A review of occurrence, bioaccumulation, and fate of novel brominated flame retardants in aquatic environments: A comparison with legacy brominated flame retardants.

ABSTRACT

Novel brominated flame retardants (NBFRs) have been developed as replacements for legacy brominated flame retardants (BFRs) such as polybrominated diphenyl ethers (PBDEs) and hexabromocyclododecanes (HBCDs). The prevalence of NBFRs in aquatic environments has initiated intense concerns that they resemble to BFRs. To comprehensively elucidate the fate of NBFRs in aquatic environments, this review summarizes the physico-chemical properties, distribution, bioaccumulation, and fates in aquatic environments. 1,2-bis(2,3,4,5,6-pentabromophenyl) ethane (DBDPE) as the major substitute for PBDEs is the primary NBFR. The release from industrial point sources such as e-waste recycling stations is the dominant way for NBFRs to enter the environment, which results in significant differences in the regional distribution of NBFRs. Sediment is the major sink of NBFRs attributed to the high hydrophobicity. Significantly, there is no decreasing trend of NBFRs concentrations, while PBDEs achieved the peak value in 1970-2000 and decreased gradually.

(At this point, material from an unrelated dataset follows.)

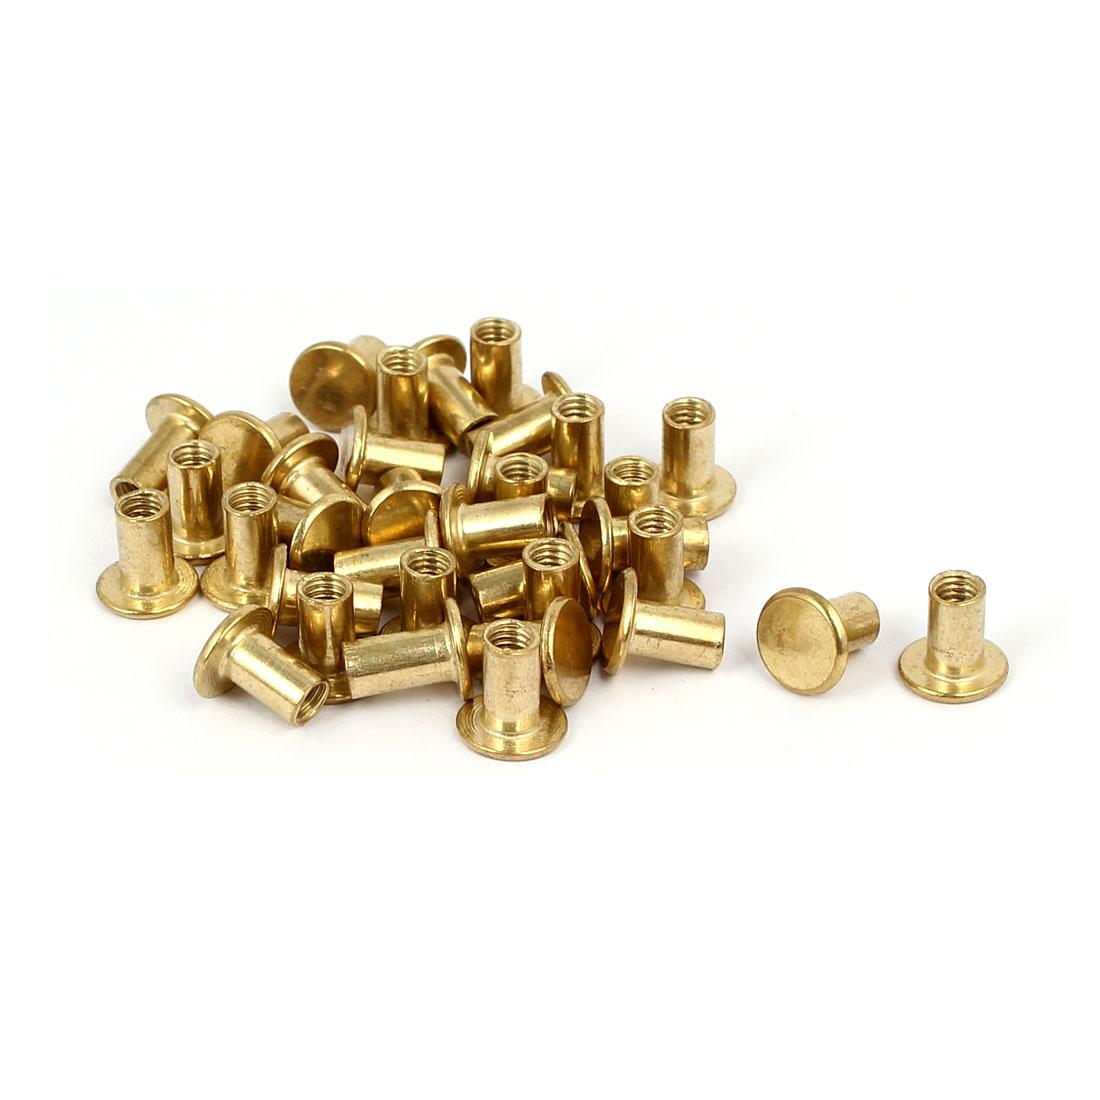 Photo Album Metal Brass Plated Binding Screw Post Barrel Nut 5mmx8mm 35pcs
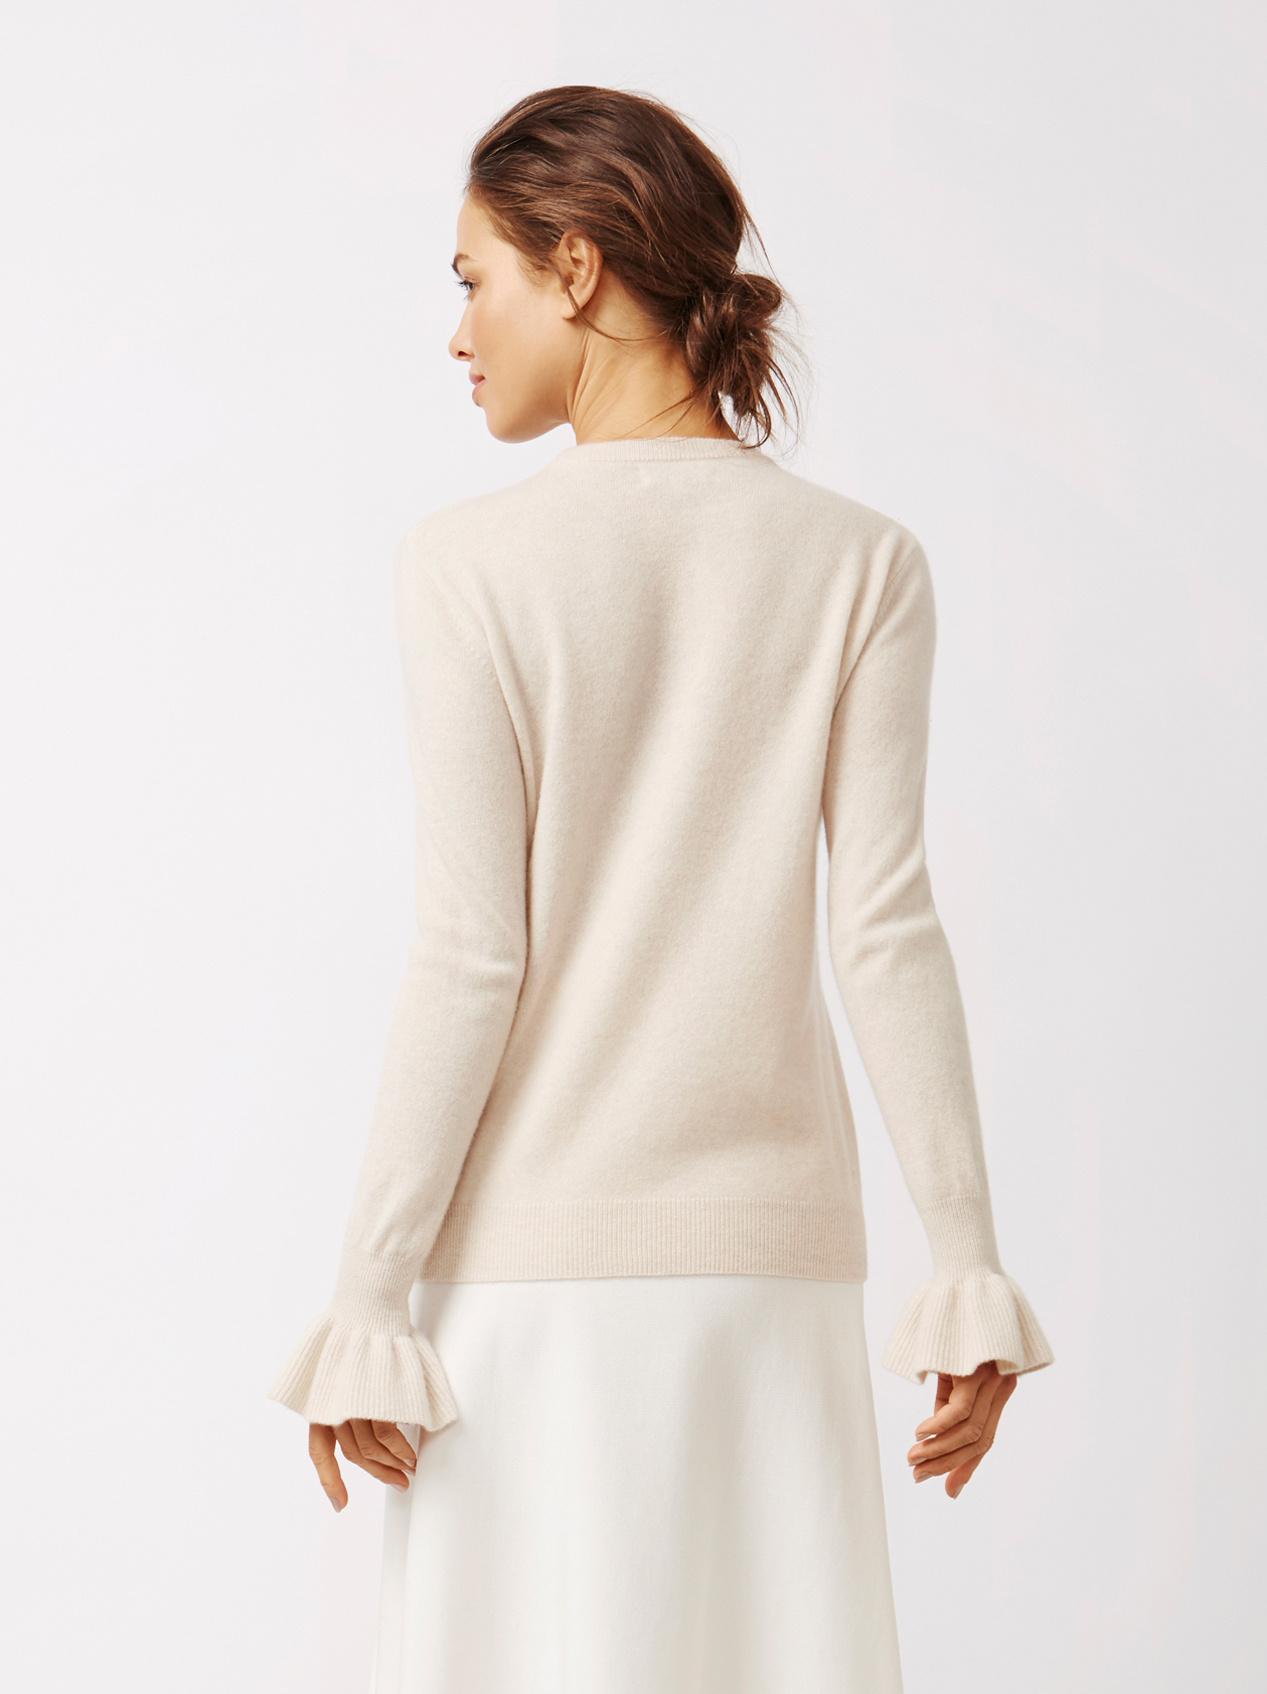 Soft Goat Women's Frill Sweater Beige

The bioaccumulation of NBFRs is reported in both field studies and laboratory studies, which is regulated by the active area, lipid contents, trophic level of aquatic organisms, and the log KOW of NBFRs. The biotransformation of NBFRs showed similar metabolism patterns to that of BFRs, including debromination, hydroxylation, methoxylation, hydrolysis, and glycosylation. In addition, NBFRs show great potential in trophic magnification along the aquatic food chain, which could pose a higher risk to high trophic-level species. The passive uptake by roots dominates the plant uptake of NBFRs, followed by acropetal and basipetal bidirectional transportation between roots and leaves in plants. This review will provide the support to understand the current pollution characteristics of NBFRs and highlight perspectives for future research.